Он, видимо, был огорчен тем, что у Пьера не было родителей, в особенности матери.

— Жена для совета, теща для привета, а нет милей родной матушки! — сказал он. — Ну, а детки есть? — продолжал он спрашивать. Отрицательный ответ Пьера опять, видимо, огорчил его, и он поспешил прибавить: — Что ж, люди молодые, еще даст Бог, будут. Только бы в совете жить...

— Да теперь все равно, — невольно сказал Пьер.

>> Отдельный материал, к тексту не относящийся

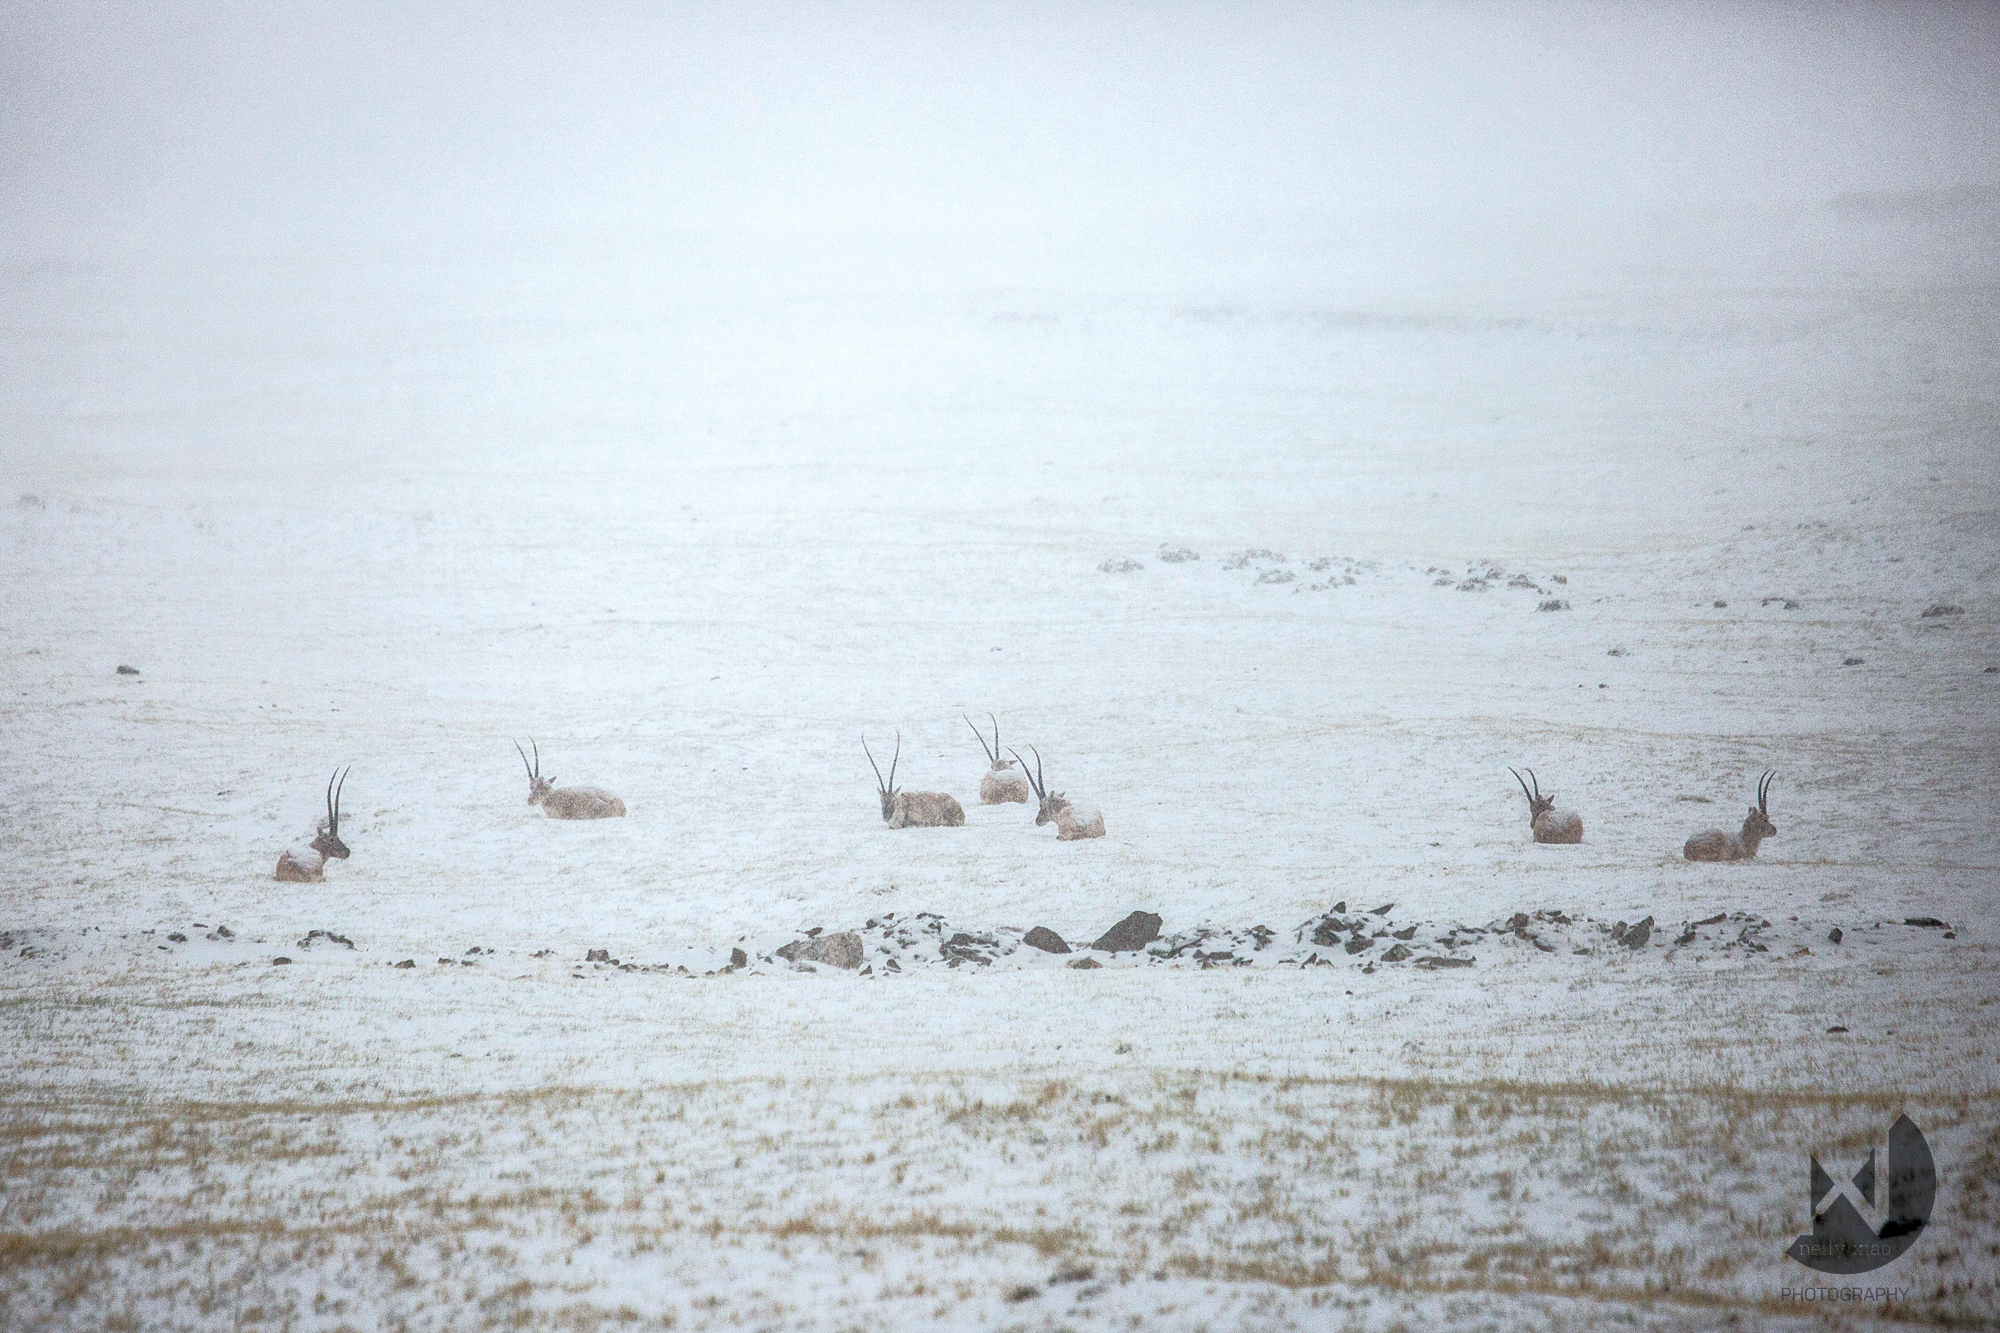   Male Tibetan antelopes nested during a sudden snow storm   Kekexili Wildlife Conservation, May 2015&nbsp;

— Эх, милый человек ты, — возразил Платон. — От сумы да от тюрьмы никогда не отказывайся. — Он уселся получше, прокашлялся, видимо приготовляясь к длинному рассказу. — Так-то, друг мой любезный, жил я еще дома, — начал он. — Вотчина у нас богатая, земли много, хорошо живут мужики, и наш дом, слава тебе Богу. Сам-сем батюшка косить выходил. Жили хорошо. Христьяне настоящие были[2]. Случилось.... — и Платон Каратаев рассказал длинную историю о том, как он поехал в чужую рощу за лесом и попался сторожу, как его секли, судили и отдали в солдаты. — Что ж, соколик, — говорил он изменяющимся от улыбки голосом, — думали горе, ан радость! Брату бы идти, кабы не мой грех. А у брата меньшого сам-пят ребят, — а у меня, гляди, одна солдатка осталась. Была девочка, да еще до солдатства Бог прибрал. Пришел я на побывку, скажу я тебе. Гляжу — лучше прежнего живут. Животов полон двор, бабы дома, два брата на заработках. Один Михайло, меньшой, дома. Батюшка и говорит: «Мне, говорит, все детки равны: какой палец ни укуси, все больно. А кабы не Платона тогда забрили, Михайле бы идти». Позвал нас всех — веришь — поставил перед образа. Михайло, говорит, поди сюда, кланяйся ему в ноги, и ты, баба, кланяйся, и внучата кланяйтесь. Поняли? говорит. Так-то, друг мой любезный. Рок головы ищет. А мы всё судим: то не хорошо, то не ладно. Наше счастье, дружок, как вода в бредне: тянешь — надулось, а вытащишь — ничего нету. Так-то. — И Платон пересел на своей соломе.

Помолчав несколько времени, Платон встал.

— Что ж, я чай, спать хочешь? — сказал он и быстро начал креститься, приговаривая:

— Господи Иисус Христос, Никола угодник, Фрола и Лавра, Господи Иисус Христос, Никола угодник! Фрола и Лавра, Господи Иисус Христос — помилуй и спаси нас! — заключил он, поклонился в землю, встал и, вздохнув, сел на свою солому. — Вот так-то. Положи, Боже, камушком, подними калачиком, — проговорил он и лег, натягивая на себя шинель.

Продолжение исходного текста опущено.